In this Dec. 18, 2013, file photo, Maricopa County Sheriff Joe Arpaio speaks at a news conference at the Sheriff's headquarters in Phoenix. (AP Photo/Ross D. Franklin, File)

PHOENIX — The nation's high court this morning refused to resurrect a challenge by Maricopa County Sheriff Joe Arpaio to the Obama administration's deferred action programs.

Without comment, the justices let stand a ruling last year by the Court of Appeals for the District of Columbia that the self-named "toughest sheriff in America'' had no right to sue.

The move is actually one of two victories today for the Obama administration. Separately, the U.S. Supreme Court separately agreed to consider whether a federal judge in Texas acted correctly in enjoining a second "deferred action'' program.

In the Arpaio ruling, appellate Judge Nina Pillard said the sheriff's lawsuit is based on the contention that allowing people who arrived in this country illegally as children to remain without fear of deportation will lead to more crime in Maricopa County and burden his officers and jails. But Pillard, writing for the three-judge panel, said the sheriff's contentions "are unduly speculative'' and "rest on chains of supposition and contradict acknowledged realities.''

And without any proof he or his agency will be harmed, Pillard said there was no basis for a lawsuit.

The lawsuit, filed in 2014, challenges both the 2012 Deferred Action for Childhood Arrivals program and the expanded Deferred Action for Parents of Americans.
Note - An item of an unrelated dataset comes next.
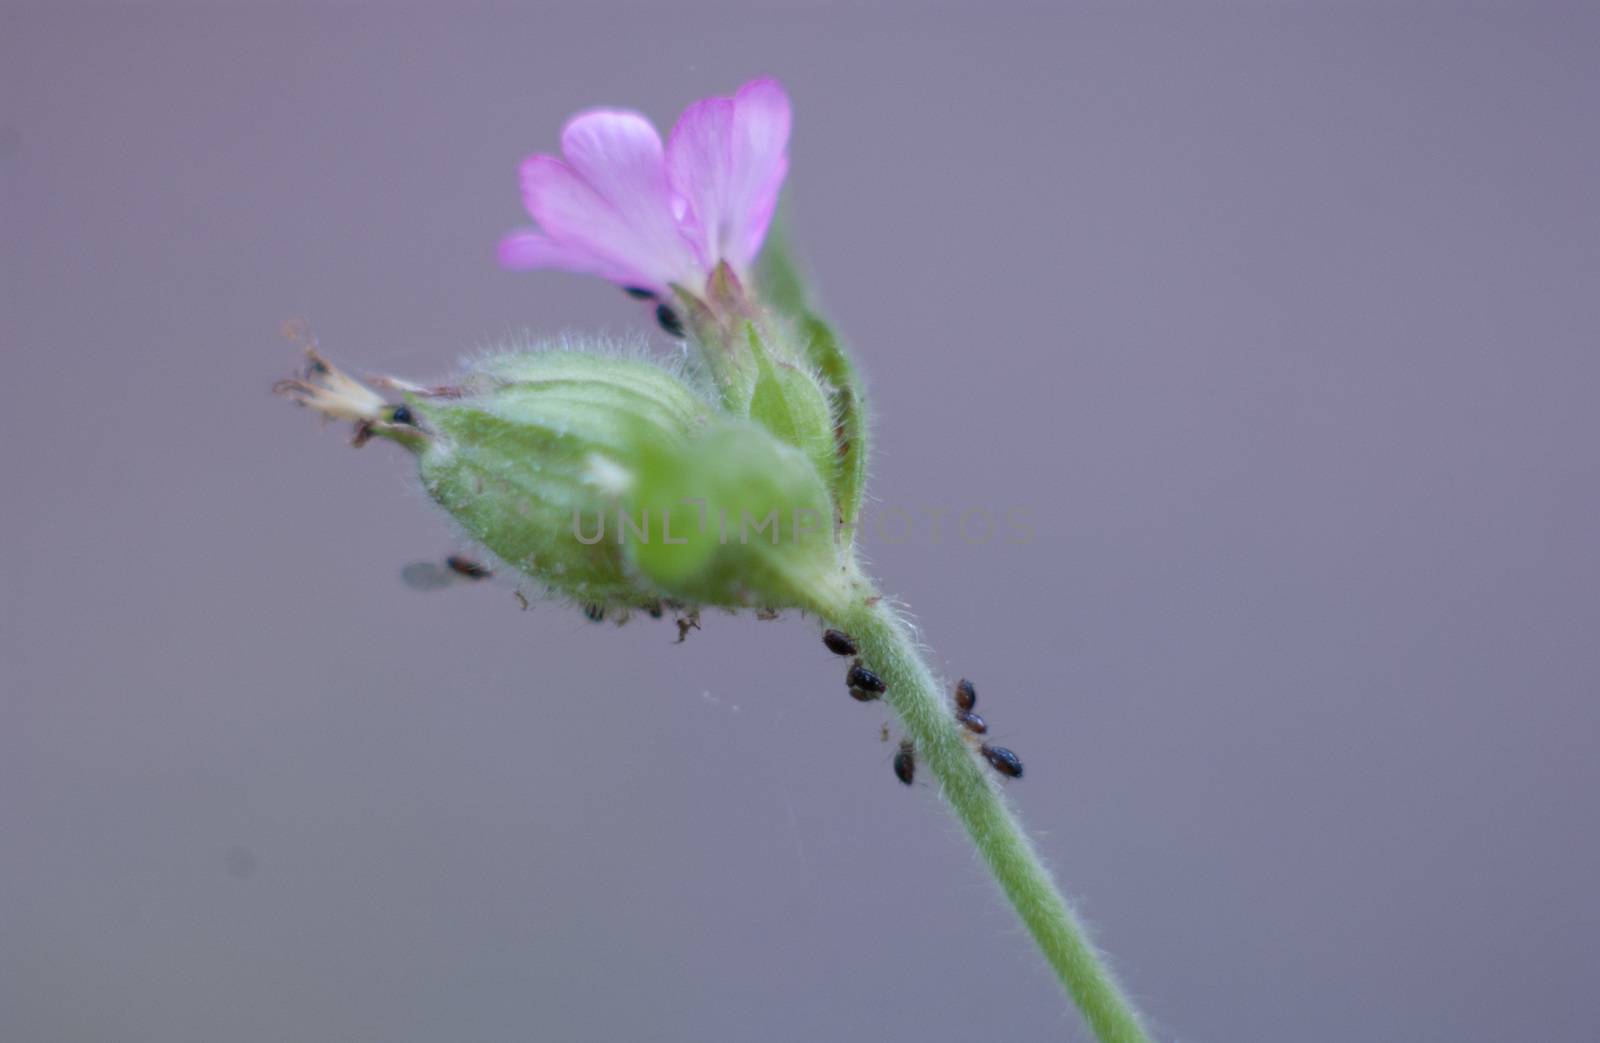 purple Flower craweld by ants

Both programs allow millions of people here illegally both to remain and work.

Arpaio charged that the programs are "unconstitutional abuses of the president's role in our nation's constitutional architecture, and exceed the powers of the president within the U.S. Constitution.'' And he said even if Congress has granted some power to the president to decide how to enforce immigration laws, these two programs exceed that delegated authority.

But the court never addressed those arguments, saying Arpaio has no legal right to even make them.